Source information —
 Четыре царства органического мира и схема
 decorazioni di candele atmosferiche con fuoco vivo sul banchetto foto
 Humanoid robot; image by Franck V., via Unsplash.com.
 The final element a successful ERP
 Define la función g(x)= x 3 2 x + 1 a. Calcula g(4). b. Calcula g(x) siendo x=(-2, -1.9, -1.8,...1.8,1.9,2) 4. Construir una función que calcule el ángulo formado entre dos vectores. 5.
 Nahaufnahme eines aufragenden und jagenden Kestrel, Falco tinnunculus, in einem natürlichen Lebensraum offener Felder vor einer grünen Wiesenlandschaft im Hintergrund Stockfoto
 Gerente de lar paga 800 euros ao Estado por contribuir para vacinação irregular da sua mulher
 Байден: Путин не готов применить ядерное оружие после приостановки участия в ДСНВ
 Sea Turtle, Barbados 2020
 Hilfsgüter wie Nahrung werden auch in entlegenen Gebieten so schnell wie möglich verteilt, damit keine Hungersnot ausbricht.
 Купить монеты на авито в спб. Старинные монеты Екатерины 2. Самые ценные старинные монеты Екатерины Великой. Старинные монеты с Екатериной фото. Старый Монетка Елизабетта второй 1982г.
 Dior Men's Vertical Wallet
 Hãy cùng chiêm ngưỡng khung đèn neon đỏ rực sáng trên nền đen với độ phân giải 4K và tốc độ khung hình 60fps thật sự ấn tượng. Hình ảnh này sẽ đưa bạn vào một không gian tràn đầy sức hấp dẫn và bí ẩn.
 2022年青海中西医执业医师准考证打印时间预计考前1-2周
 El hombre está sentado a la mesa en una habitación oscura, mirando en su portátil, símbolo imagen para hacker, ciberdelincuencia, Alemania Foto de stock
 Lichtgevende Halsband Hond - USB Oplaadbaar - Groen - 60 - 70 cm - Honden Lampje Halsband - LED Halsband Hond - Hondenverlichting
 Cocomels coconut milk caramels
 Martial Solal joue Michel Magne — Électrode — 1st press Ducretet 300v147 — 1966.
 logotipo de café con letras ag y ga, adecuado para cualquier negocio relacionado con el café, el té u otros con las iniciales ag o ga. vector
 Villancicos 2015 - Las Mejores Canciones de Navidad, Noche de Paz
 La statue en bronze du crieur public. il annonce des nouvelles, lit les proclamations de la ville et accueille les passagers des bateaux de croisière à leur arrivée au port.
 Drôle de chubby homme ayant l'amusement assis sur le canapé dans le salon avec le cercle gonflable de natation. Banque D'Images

Your assignment — From the entries above, collect every line with the string "para" in it.

Answer box —
 Gerente de lar paga 800 euros ao Estado por contribuir para vacinação irregular da sua mulher
 El hombre está sentado a la mesa en una habitación oscura, mirando en su portátil, símbolo imagen para hacker, ciberdelincuencia, Alemania Foto de stock
 logotipo de café con letras ag y ga, adecuado para cualquier negocio relacionado con el café, el té u otros con las iniciales ag o ga. vector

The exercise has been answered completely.